Record-Breaking Secrets
Perhaps you’ve heard the expression: “Nobody wants to read your diary except your mother,” but if that were true, why do so many of us love autobiographies? Is it because we feel less isolated when somebody else shares his or her secrets?
In Diane Keaton’s book: “Let’s Just Say it Wasn’t Pretty,” she revealed her insecurities. She described the “corrections” she employed to modify her youthful appearance, like the bangs she used to hide her “mile-long forehead.” She said her mother would have stopped it if she knew. She also clipped a clothespin to the end of her nose to reduce its “bulb.” Her stories made me laugh and recall that in tenth grade, I wore trendy, ill-fitted sandals, despite discomfort and my feet hanging off, just to avoid moving into the next size.
Childhood secrets can involve vengeance, like the time my brother threatened to destroy my Barry White album if I played my favorite song again. He shouted from the kitchen: “If I hear that song play one more time, I’ll smash that record into a million pieces!”
Indignant, I re-positioned the needle to the start of the song, and Barry sang Let the Music Play one more time. Well, not quite. When I heard my brother’s chair scrape away from the kitchen table, I removed the needle and plucked the record off the turntable, replacing it with his Michael Murphy album. He made a swift approach and I sped out the front door, inclining my ear to the racket of his Blue Sky Night Thunder album, shattering into “a million pieces.”

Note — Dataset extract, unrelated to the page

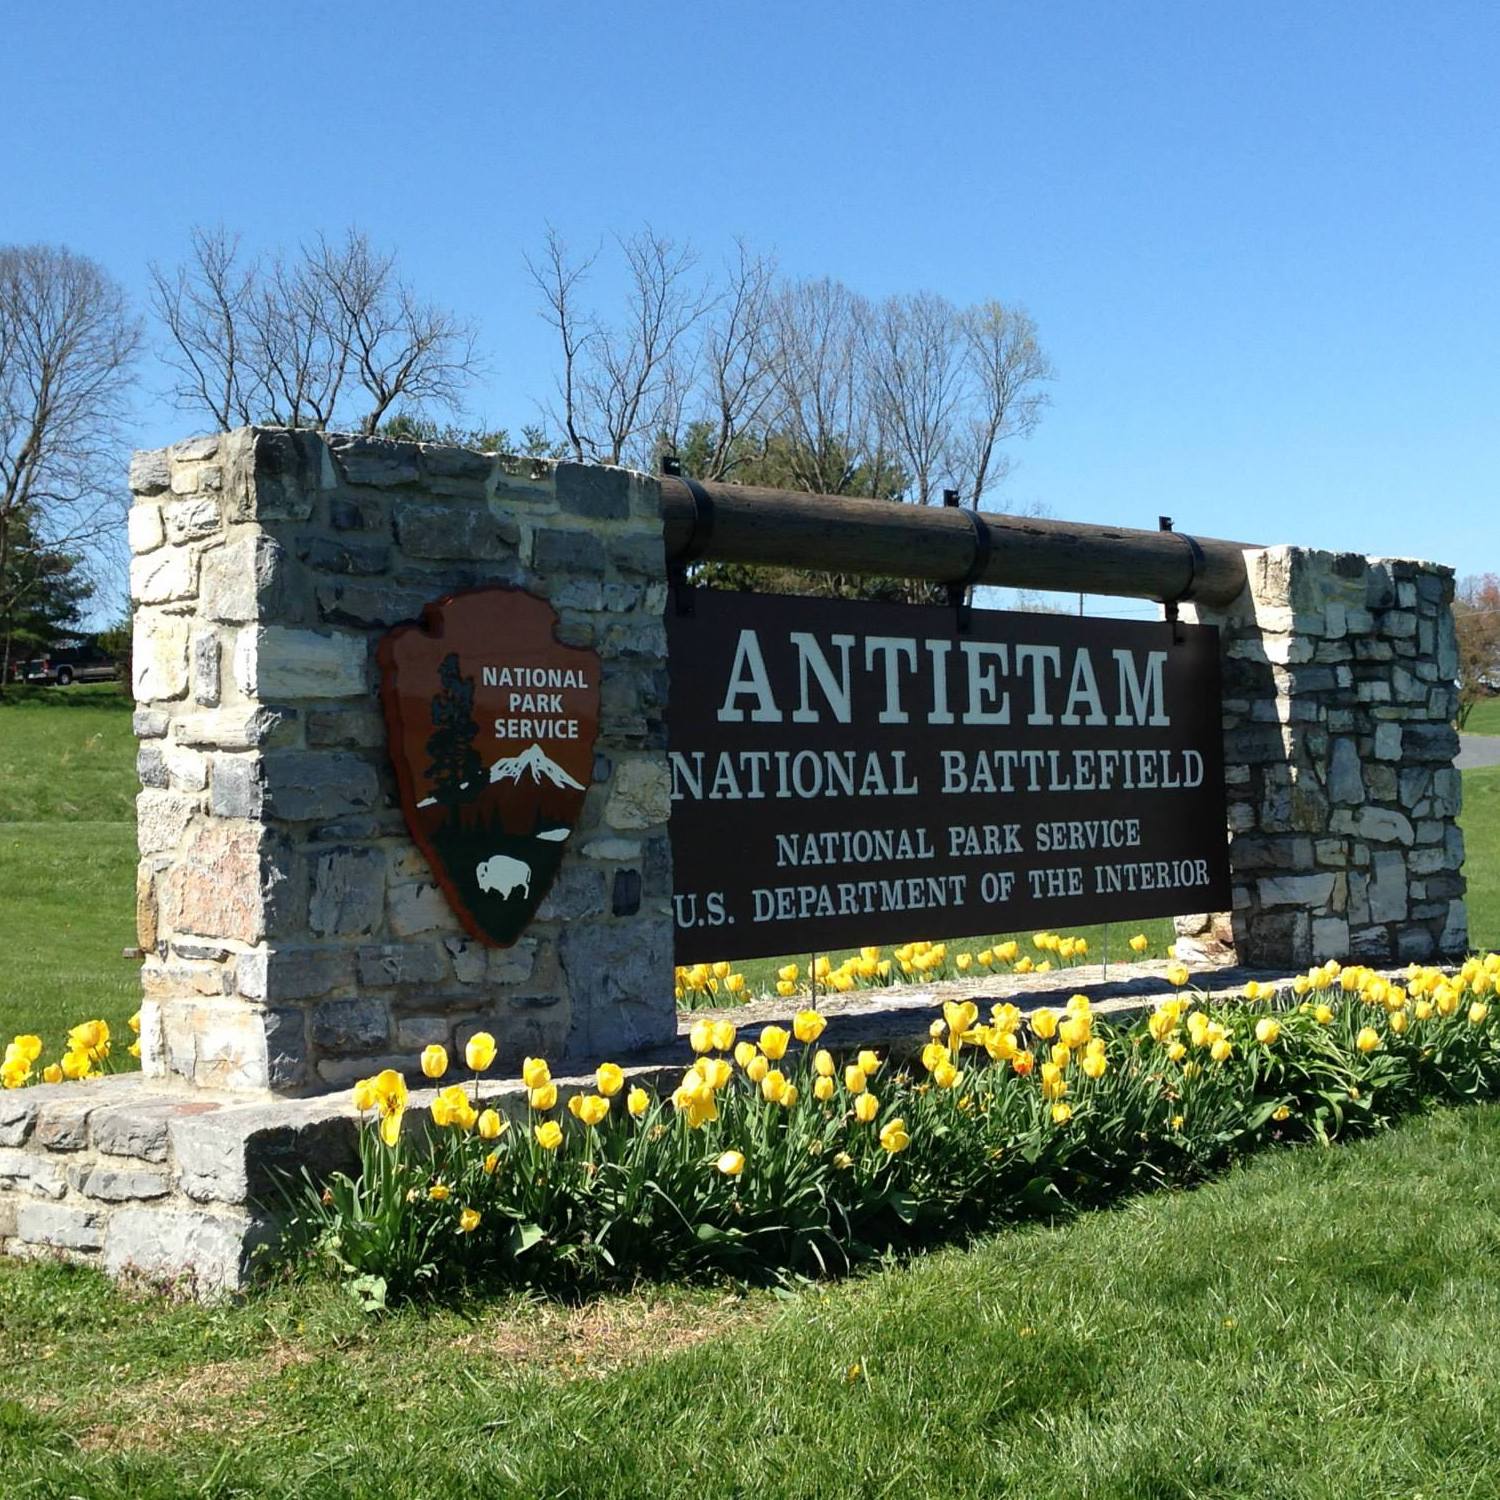 A carved, wooden sign mounted between stone pillars, with the words Antietam National Battlefield, National Park Service, US Department of the Interior. The National Park Service arrowhead plaque is mounted on one stone pillar. Yellow flowers grow below.

My sons laughed when they heard that story. “Mom, did you ever tell him that he smashed his own record?” No, I never did, I said. “You should, Mom. He’d probably laugh.” Forty years later, he still doesn't know. Perhaps I don’t want to conjure suspicion, like: Why are you telling me this now? Is it for the purpose of a confession, an admission, an apology, or do I just expect he’d think it was funny?
I’ll get back to you on that in some future post about admissions, confessions and apologies!
Whether it’s good, bad or indifferent, what secret did you keep in childhood? For what purpose did you keep it secret?
Secrets can be categorized into social, personal, family, general, etc. Acknowledging your own secrets, can also provide valuable information and illustrates one of your strengths: candidness.
Comments 2
The Legacy Story prompt regarding secrets worked on me, but I was very reluctant. It was a challenge to reconstruct the actual events; and it required me to research the facts regarding qualifying with a rifle in the US Army.
Most of my secrets are still too embarrassing to divulge, so will remain hidden. Personally, I don't like secrets among friends but we all continue to harbor them.
I know what you mean Dick. This challenge is more about benign secrets that we might have had as children that, when looking back now, would not be damaging, rather revealing in a positive way.